* _TASK MATERIAL_:
⟨

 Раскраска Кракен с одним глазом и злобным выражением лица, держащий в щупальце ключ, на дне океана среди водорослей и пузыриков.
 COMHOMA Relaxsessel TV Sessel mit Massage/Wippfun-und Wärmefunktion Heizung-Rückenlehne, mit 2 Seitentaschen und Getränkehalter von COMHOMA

⟩
⟨

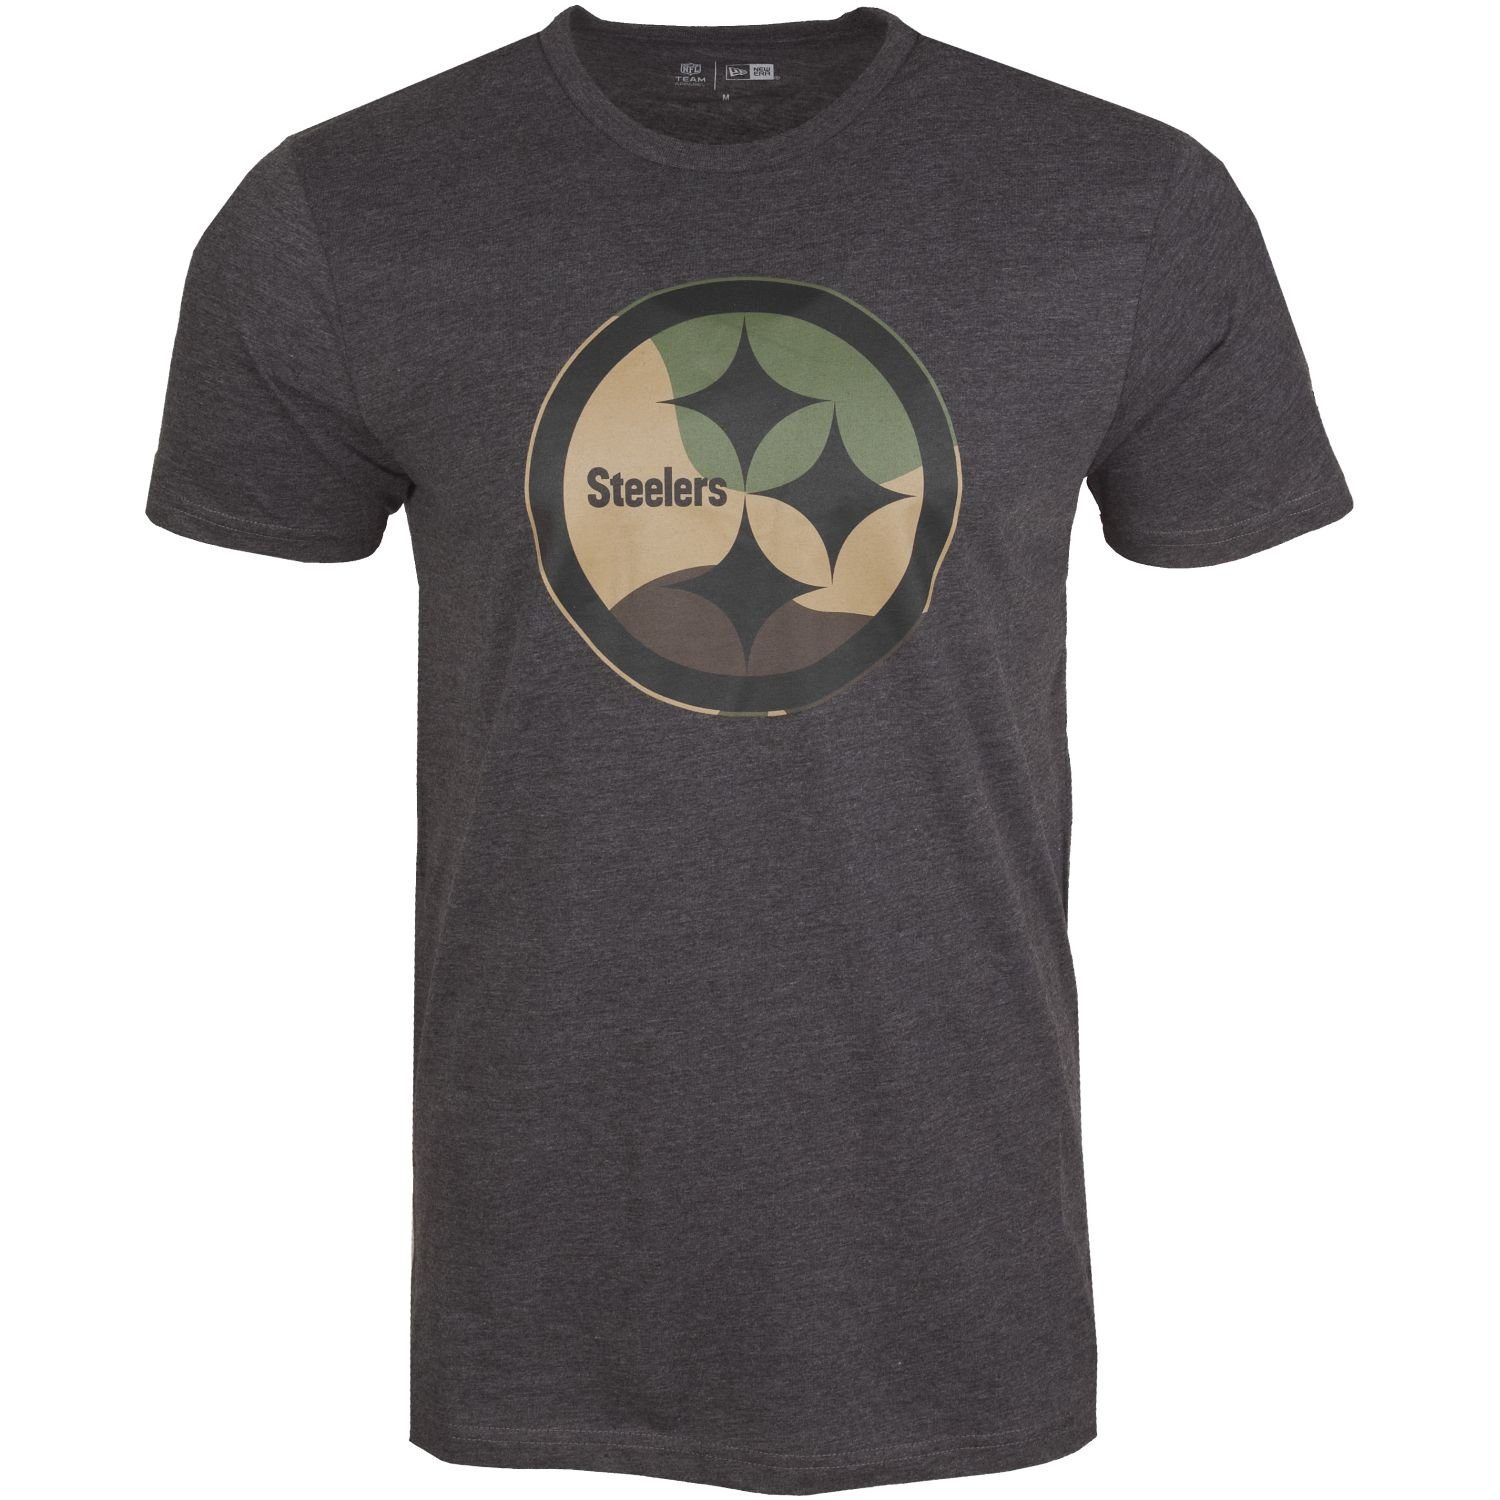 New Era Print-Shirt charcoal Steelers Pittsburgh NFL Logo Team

⟩

* _TASK TO COMPLETE_: In the data above, find the line that contains "Раскраска Кракен с" and the line that contains "COMHOMA Relaxsessel TV". Repeat exactly those lines and every line between them, and only those.

* _RESULT FOR THIS TASK_:
 Раскраска Кракен с одним глазом и злобным выражением лица, держащий в щупальце ключ, на дне океана среди водорослей и пузыриков.
 COMHOMA Relaxsessel TV Sessel mit Massage/Wippfun-und Wärmefunktion Heizung-Rückenlehne, mit 2 Seitentaschen und Getränkehalter von COMHOMA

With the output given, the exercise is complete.